Though I've spent quite a while poring over it, I regret to say I
haven't got much beyond the obvious with this BUG_ON(!PageHighMem)
in set_page_address() called from flush_all_zero_pkmaps().
It appears to be a corruption of the start of the pkmap_page_table,
but not a random corruption: entries of the form 0x378xxxxx through
0x37Bxxxxxx where they need to be 0x38xxxxxx or more to be highmem.
(I say appears because the compiler is reusing %eax a lot, there's
no trace on the stack or in registers of what pte was actually read.)
In every case except the 17141 nfsd one, it's found at the start of
the table, when flush_all_zero_pkmaps() is called for the very first
time (I'm guessing that from the fact that they're all failing on the
second entry, which preincrementation of the index made the first one
used). Whereas 17141 nfsd finds a 0x00000xxx some way into the page
table, quite possibly later on: may have a very different cause.
Do we have any idea whether all or most of these come from a single
machine? That would of course be a very different (less interesting)
story from if they're spread out over lots of machines.
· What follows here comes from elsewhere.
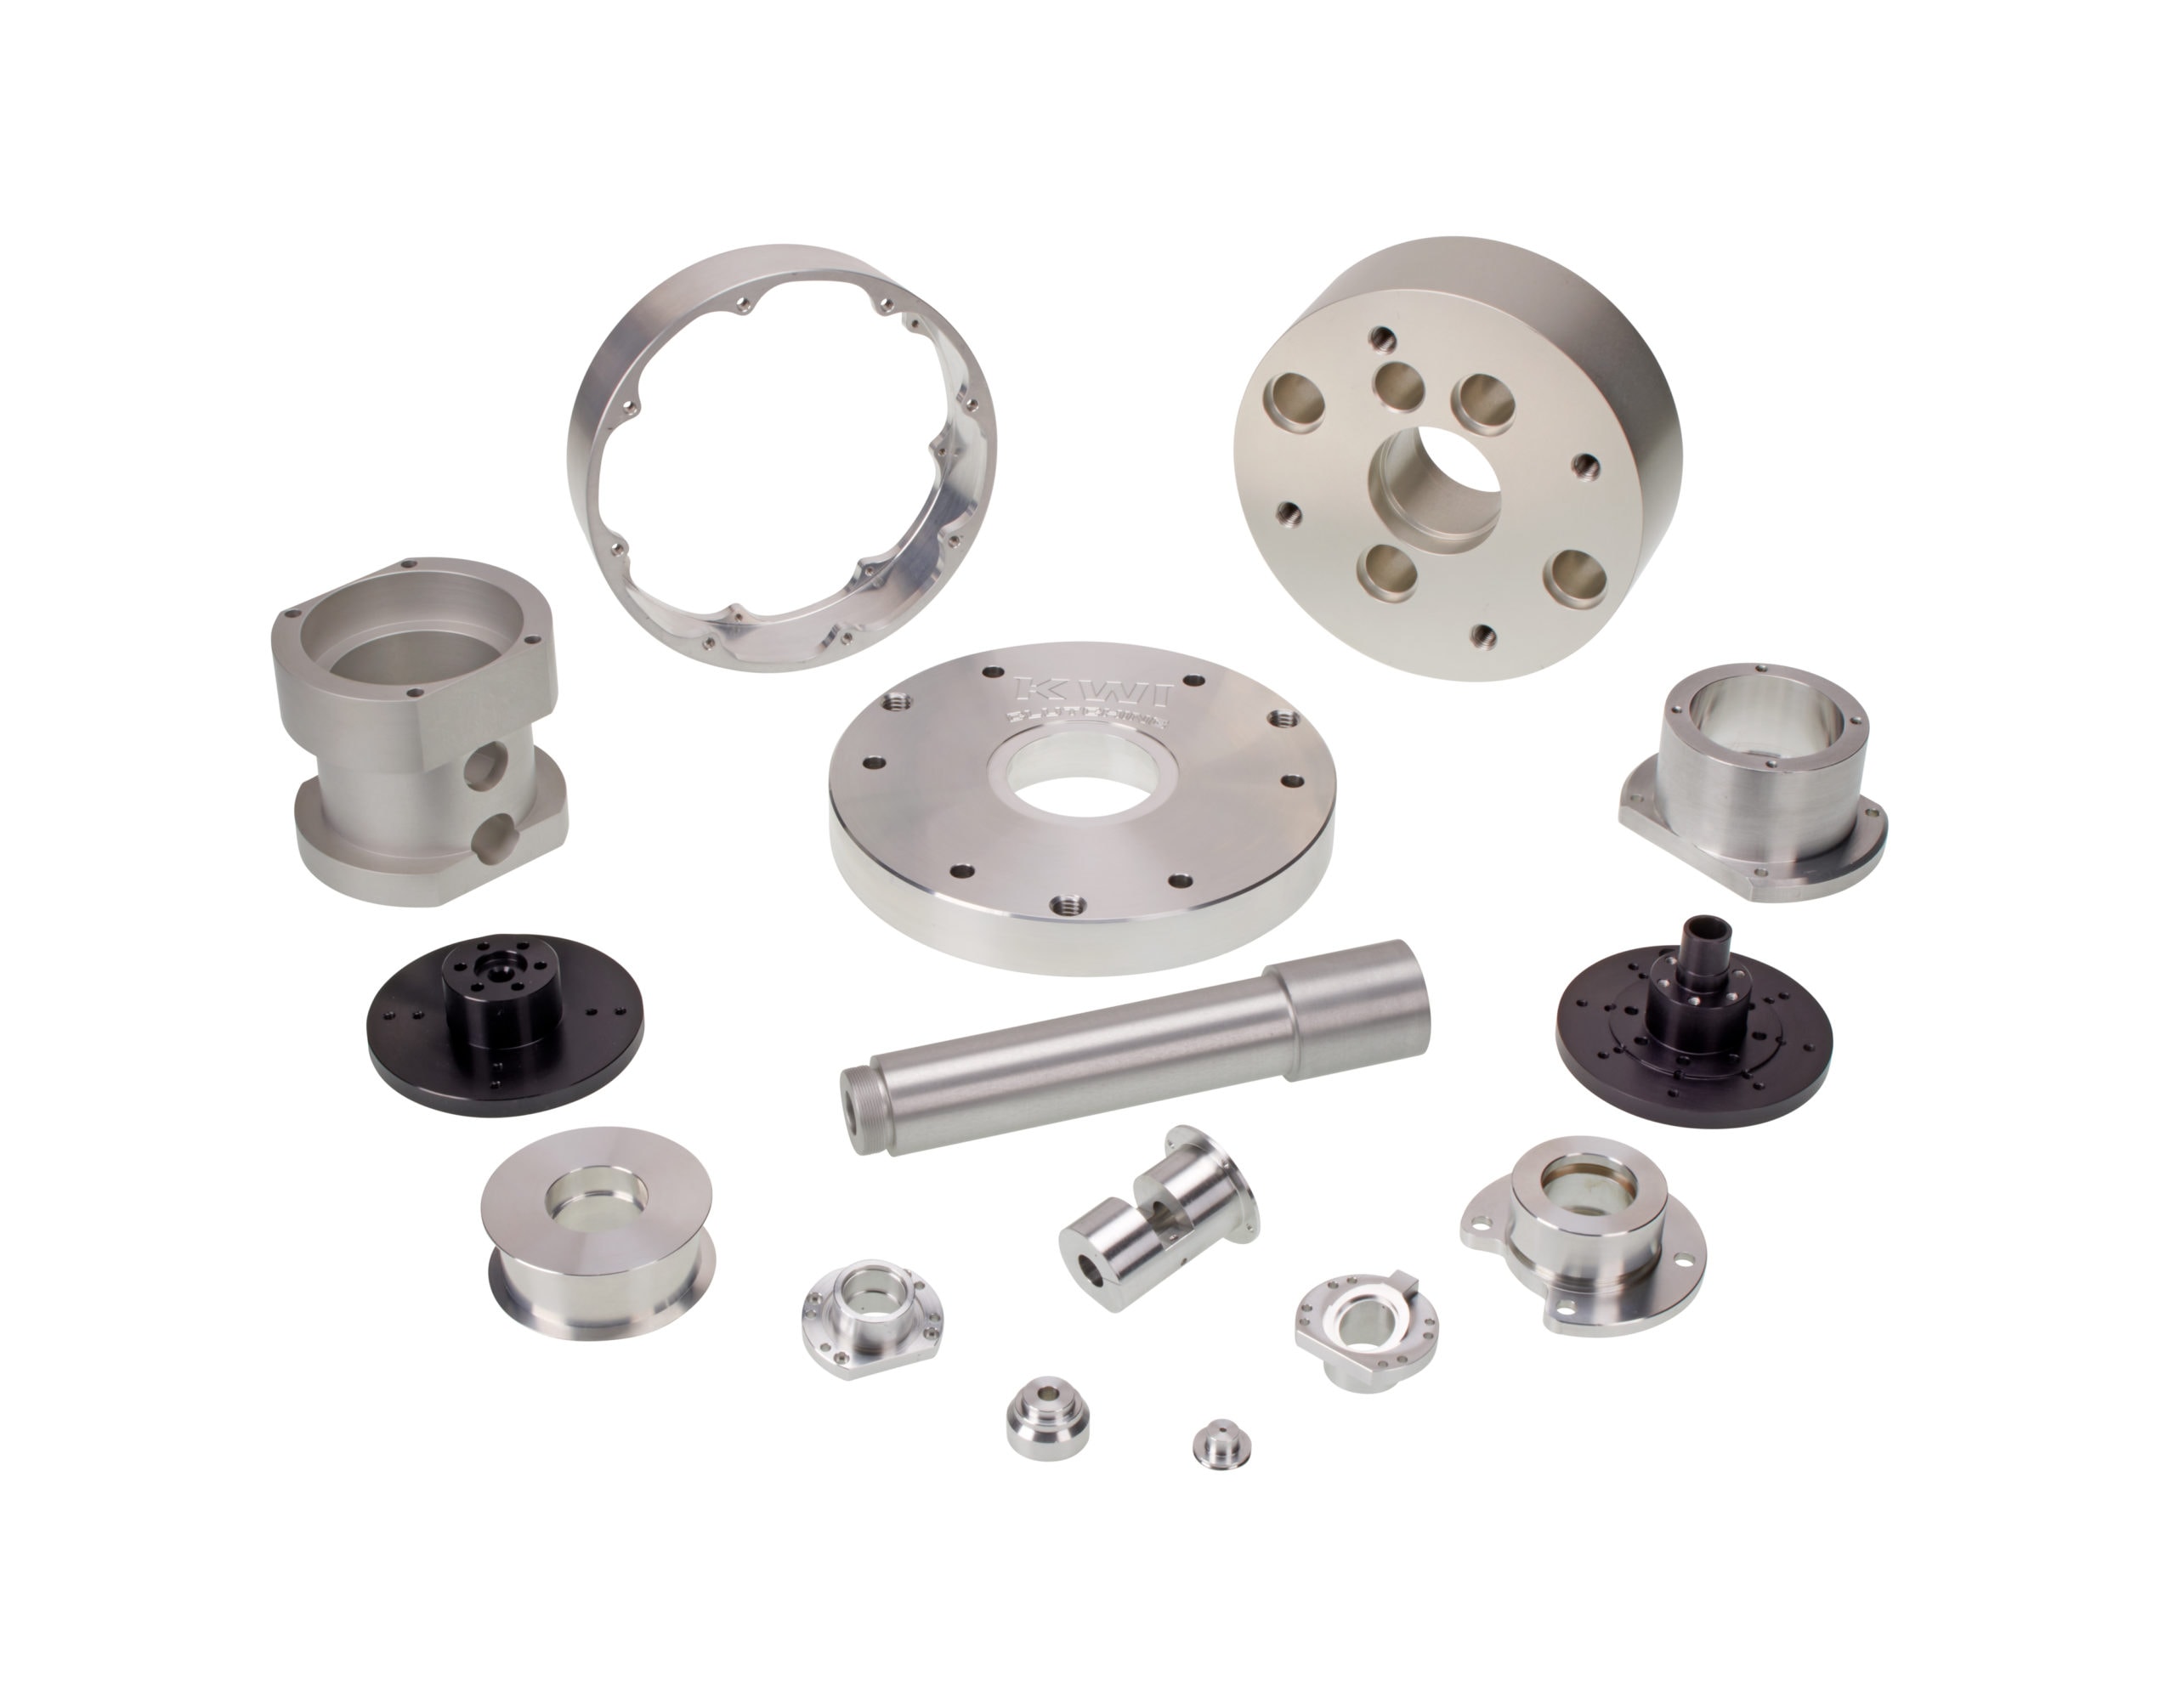 Variety of CNC Turned Parts 4 - CNC Turning Services

I didn't notice anything suspicious in the Fedora patches to 2.6.25,
but I haven't heard (Google hasn't shown) any such problem outside
of these kerneloops from Fedora 9. Is it showing up on Rawhide at
all? If so, then we could devise some debug to include in coming
kernels to help shed more light on it.
Veering off at a tangent away from the oops: I was rather sobered
to see all those traces of execve using kmap, I thought we were
avoiding kmap like BKL in common paths these days (though it is
convenient for symlinks). Would a patch something like that
below, copying the filemap.c trick, be welcome?
Hugh
--- 2.6.26-rc4/fs/exec.c 2008-05-26 20:00:39.000000000 +0100
+++ linux/fs/exec.c 2008-06-02 11:18:32.000000000 +0100
@@ -33,6 +33,7 @@
#include <linux/string.h>
#include <linux/init.h>
#include <linux/pagemap.h>
+#include <linux/hardirq.h>
#include <linux/highmem.h>
#include <linux/spinlock.h>
#include <linux/key.h>
@@ -396,7 +397,7 @@ static int copy_strings(int argc, char _
{
struct page *kmapped_page = NULL;
char *kaddr = NULL;
- unsigned long kpos = 0;
+ unsigned long kpos = ~PAGE_MASK;
int ret;
while (argc-- > 0) {
@@ -436,28 +437,38 @@ static int copy_strings(int argc, char _
str -= bytes_to_copy;
len -= bytes_to_copy;
- if (!kmapped_page || kpos != (pos & PAGE_MASK)) {
- struct page *page;
-
- page = get_arg_page(bprm, pos, 1);
- if (!page) {
- ret = -E2BIG;
- goto out;
- }
-
+ if (kpos != (pos & PAGE_MASK)) {
if (kmapped_page) {
flush_kernel_dcache_page(kmapped_page);
- kunmap(kmapped_page);
+ if (in_atomic())
+ kunmap_atomic(kaddr, KM_USER0);
+ else
+ kunmap(kmapped_page);
put_arg_page(kmapped_page);
}
- kmapped_page = page;
- kaddr = kmap(kmapped_page);
+ kmapped_page = get_arg_page(bprm, pos, 1);
+ if (!kmapped_page) {
+ ret = -E2BIG;
+ goto out;
+ }
+ kaddr = kmap_atomic(kmapped_page, KM_USER0);
kpos = pos & PAGE_MASK;
flush_arg_page(bprm, kpos, kmapped_page);
}
- if (copy_from_user(kaddr+offset, str, bytes_to_copy)) {
- ret = -EFAULT;
- goto out;
+ if (in_atomic()) {
+ if (need_resched() ||
+ __copy_from_user_inatomic(kaddr + offset,
+ str, bytes_to_copy)) {
+ kunmap_atomic(kaddr, KM_USER0);
+ kaddr = kmap(kmapped_page);
+ }
+ }
+ if (!in_atomic()) {
+ if (copy_from_user(kaddr + offset,
+ str, bytes_to_copy)) {
+ ret = -EFAULT;
+ goto out;
+ }
}
}
}
@@ -465,7 +476,10 @@ static int copy_strings(int argc, char _
out:
if (kmapped_page) {
flush_kernel_dcache_page(kmapped_page);
- kunmap(kmapped_page);
+ if (in_atomic())
+ kunmap_atomic(kaddr, KM_USER0);
+ else
+ kunmap(kmapped_page);
put_arg_page(kmapped_page);
}
return ret;
--